Scientists have concluded that even low levels of PCB exposure here could have caused more serious illnesses than previously detected. "That small relationship we expect to see correlated with reduced I.Q., with poor performance in school, with some abnormality in growth, particularly sexual maturation, and increased susceptibility to certain chronic diseases such as thyroid disease and diabetes," said Dr. David Carpenter, of the public health school at the State University in Albany. "This has adversely affected their health."

The E.P.A. is conducting its own national study of the health effects of PCB's, including on the thyroid. 

Today, Mr. Thompson has diabetes. Four of his five siblings have thyroid disorders. His sister Marilyn had her thyroid gland removed when a tumor was discovered there. All six of her children have asthma; two of them have learning disabilities; another suffers from a thyroid condition; a 2-year-old granddaughter was born with a muscle disorder that has affected her motor skills. One family member had 14 miscarriages. 

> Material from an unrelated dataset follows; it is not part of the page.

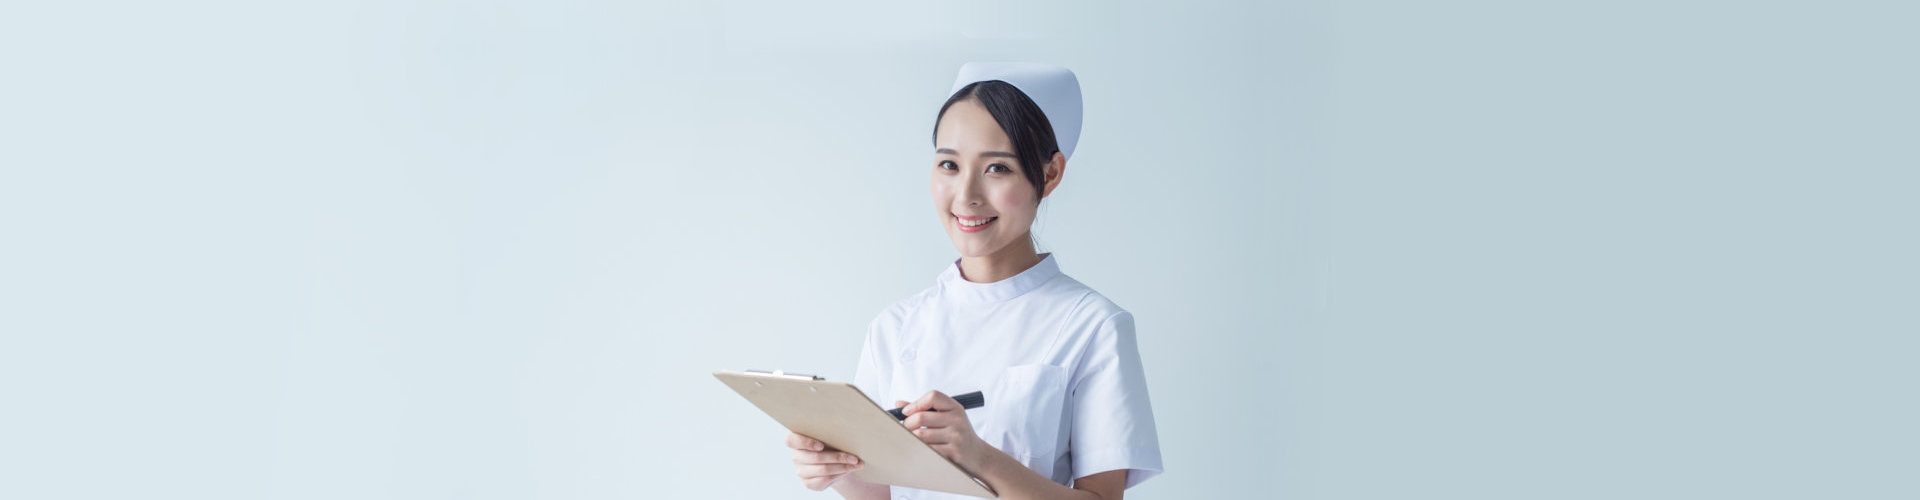 certified nurse holding a pen and checklist notebook

Ms. Thompson, 48, finds it hardest to talk about how PCB's might have seeped into her children's bodies. She nursed all but one of her children. "I just thought my kids would be healthier," she said. 

Does she think she could have passed on the poisons to her babies that way? "Now I do," she said flatly. "Then I didn't."

From her window, Ms. Thompson can see the tower of the G.M. plant, just beyond the snow. If she squints, she can almost picture the children as they once foraged through the dump. "When they put the cap on it," she said, "they had their men in white suits. White suits! Our kids are riding on three-wheelers out there and they never even notified us. I ask myself — Why? Because we are just native people? I look at that every day and I get so angry." 

A General Motors spokesman, Gerry Holmes, dismisses that notion, and says the company wants to continue its cleanup. Ms. Cervantes, of the E.P.A., credits the company for the progress that has been made so far. "There's absolutely work that needs to be done," she said, "and work that's already been done."